The blockade of the world’s most efficient maritime trade route, the Suez Canal by a Taiwanese managed vessel, The Ever Given, will have no direct impact on trade flows to the West Coast of Africa, a Maritime Law Consultant, Dr Kofi Mbiah, has said.
The Ever Given, the world’s largest container vessel which measures 400 meters long and 59 meters wide, carrying some 20,000 Twenty Footer Equivalent Units (TEU) of cargo was on a voyage from Asia to Rotterdam in Europe last Tuesday and encountered a gush of winds, causing the master to lose control while in transit, running aground on the banks of the canal.

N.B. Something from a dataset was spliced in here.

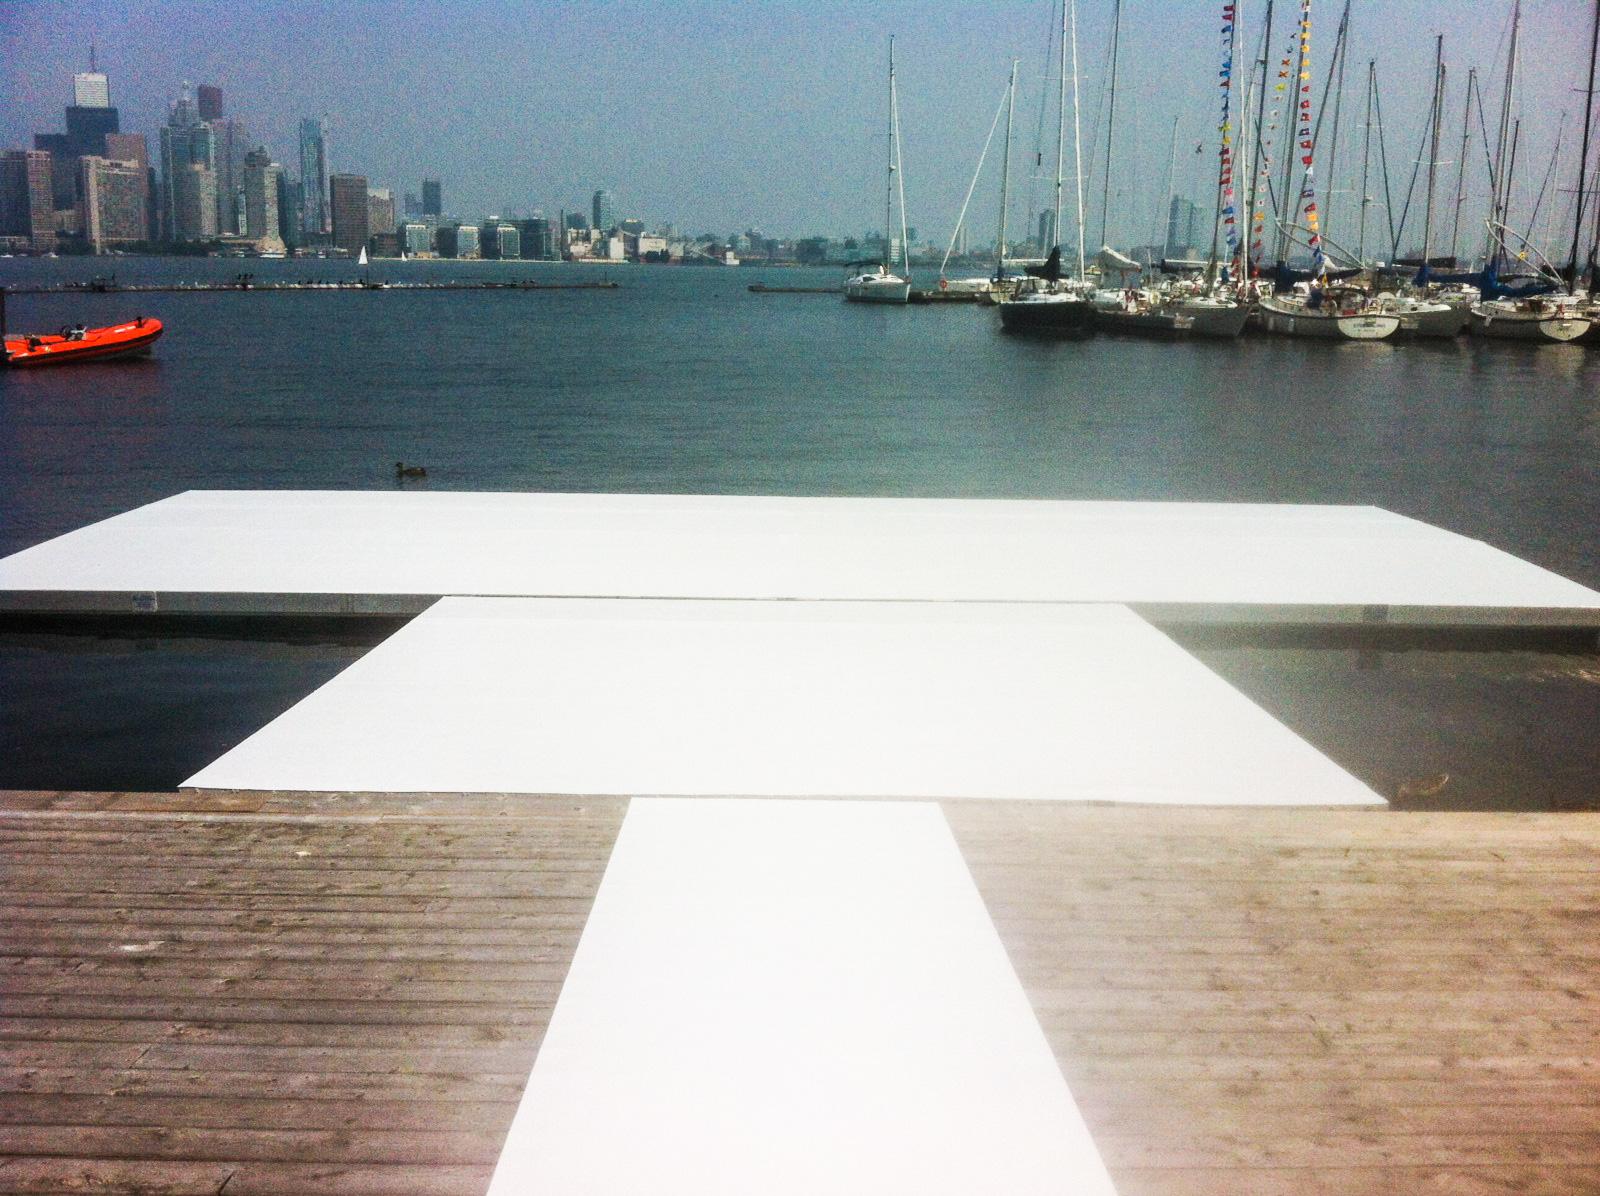 Chalk white event carpet on the pier

The blockade has seen hundreds of ships stuck at both ends of the channel, contemplating far more expensive alternative routes to deliver their cargo, which industry watchers say could attract additional fuel of more than $30,000 per day, depending on the vessel, or more than $800,000 total for the longer trip.
Similarly, vessels adopting an option to wait until the salvaging of the Ever Given if successful may likely incur demurrage charges (late fees for cargo) ranging from $15,000 to $30,000 per day.
Data from shipping expert, Lloyd’s List, has said that the Ever Given’s blockade is holding up an estimated $9.6bn goods each day.
Canals are man-made waterways which are constructed as innovative ways to significantly increase efficiency on the global logistics chain. Dredging works are being carried out around the vessel to free it to allow the Canal to be reopened for business.
While goods routed to the West Coast of Africa and Ghana mainly use the Cape of Good Hope Canal located in the Atlantic coast of the Cape Peninsula in South Africa, Dr Mbiah, who is also a former Chief Executive of the Ghana Shippers Authority, however, said the country (Ghana) remained vulnerable in a way since it had a significant trading relations with Europe.
“A chunk of manufactured goods such as spare parts Ghana imports are also imported into Europe from Asia using the Suez canal, and if the blockade continues, charter rate for vessels will increase and a shortage of empty containers as devanned (unstuffed) would not readily get back to Asia, in particular China, for re-stuffing,” Dr Mbiah said.
Ghana’s 2019 seaborne imports from Europe, he pointed out, amounted to 4,592,037 metric tons, representing 41 per cent of total imports.
That, he said, might likely have some indirect impact on timelines for imported products from Europe into Ghana.
Globalisation, he stressed, had made global trade flows to be so interconnected such that even though the Suez Canal might not be a significant trade route for Ghana’s import and export trade, the associated effects of this blockage, coupled with the slow recovery from the COVID-19, might impact Ghana’s wobbling economy if it continued for weeks.
That notwithstanding, the continuing blockade, he maintained, would undoubtedly lead to a massive disruption of supply chains and significantly affect trade flows.